My Friend Chuck
I write
today with a broken heart and a shattered sprit. The loss of my
friend Chuck will be with me forever. What can I say? Chuck
Jenkins was the kindest, most gentle person I've ever known. The
man didn't have a mean bone in him. That's what makes this whole
situation so tragic.
Chuck and I go way back. In fact,
he warned Sarah, my wife of 32 years, back in high school that
she better not get involved with somebody like me, I was
trouble. We've had a lot of laughs about that one over the
years. Back when we served on commission together, sometimes as
we were heading home after what might have been a contentious
meeting he would say, "I need to apologize to you and the other
commissioners." I would ask why. He would say,
"for getting angry at the meeting." In reality,
he was so meek and so mild that none
of us even realized he had gotten mad.
Recently, he
had been having trouble with a family of possums getting under
his mother's house. I offered to come down and help him catch
and kill the varmints,
but, oddly,
he never took me up on the offer. Come to find out,
he had gotten a live trap cage and was just catching the animals,
but it seemed there was no end to how many he was catching. I
asked him if he was killing those nasty pests
or what. He said that
he was just taking them across the street and letting them go. I
said, "Chuck,
you're catching the same possums over and over again. They're
just following you back to the house. Why
don't you let me come down and shoot those things?"
But for Chuck, that just
wasn't an option. The man couldn't even bring himself to hurt a
pesky rodent. That's just how he was.
Never in all my years of life or politics have
I known a man like Chuck. Whether it was on county commission,
as the property assessor,
or all the boards and
committees on which he
voluntarily served, all he ever wanted to do was help people. He
wanted to do what was right. He had heart for public service
like no other.
Yes, Chuck had made some powerful political enemies.

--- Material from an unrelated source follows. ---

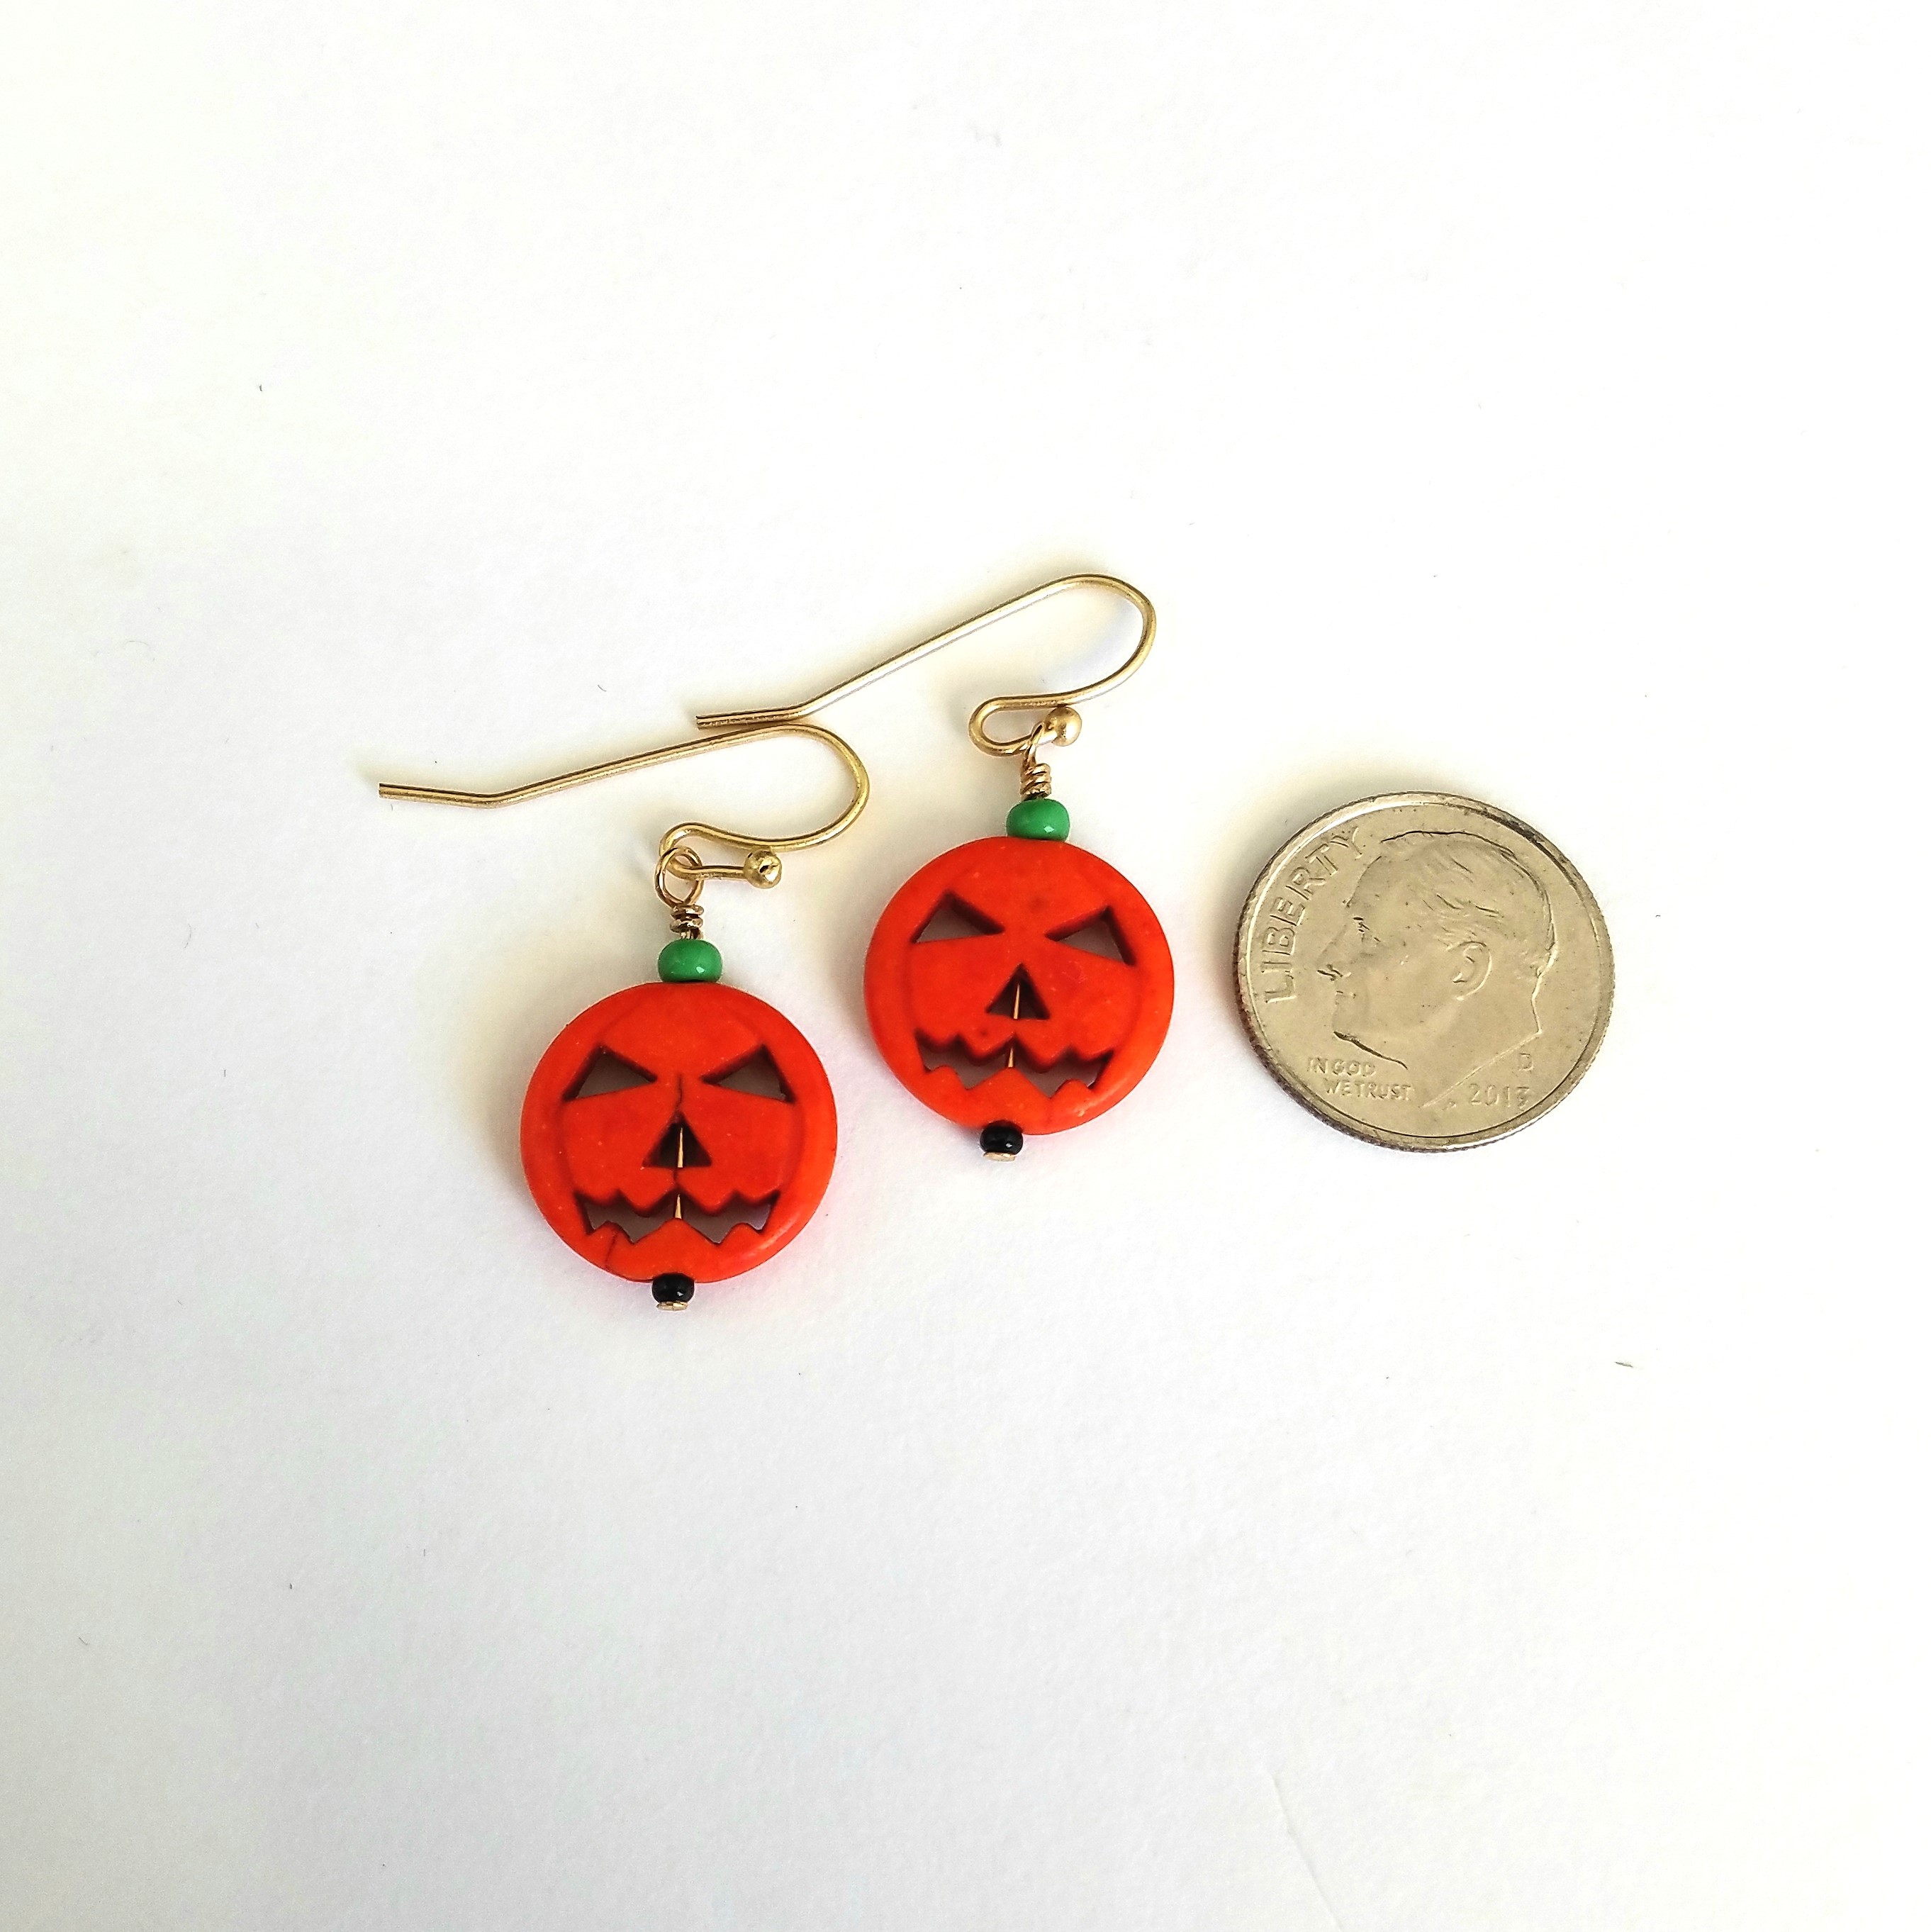 Halloween Crystal beads Earrings, Witchy Crystal Jewelry Earrings

That just comes with the territory, but
unlike myself and others, his instinct was not to strike back at
those who didn't like him. Rather,
he wanted to try and
change their minds. He was convinced that,
if he showed his enemies that
he loved them and wanted to be their friend, he could change
their hearts and minds. That was just Chuck. A passage in the
Book of Romans, chapter 12, describes
Chuck's life so perfectly:
Love must be sincere. Hate what is evil; cling to what is good. Be devoted to one another in love. Honor one another above yourselves. Never be lacking in zeal, but keep your spiritual fervor, serving the Lord. Be joyful in hope, patient in affliction, faithful in prayer. Share with the Lord’s people who are in need. Practice hospitality. The human mind is an incredible, miraculous organ, but it can also be a wicked, devastating organ. The mind of the man who determined in the wee hours of August 1st that the only solution was death was not, WAS NOT, the mind of the man I knew and loved. Not the mind of the father, the husband, the church leader, the public official, the friend I knew.
I don't know what happened, I don't know what
went wrong, and I guess
I'll be asking myself that question until the
day I die. I and others knew he was having a tough time lately,
and there had been many conversations with
him. But none of us had any idea nor understood the
depths of our friend's despair. But again, that was the way he
was. He would never have wanted to burden us
with his problems.
In the vastness of time and history,
this event will be no more than a tiny wisp of wind, but
in the present the pain is inconsolable for all of us. My
friend Chuck, however,
is now in a place of peace where there's no more tears or pain
and everybody loves him.
Please remember Chuck's family, myself,
and all his friends during this time. It's just so hard.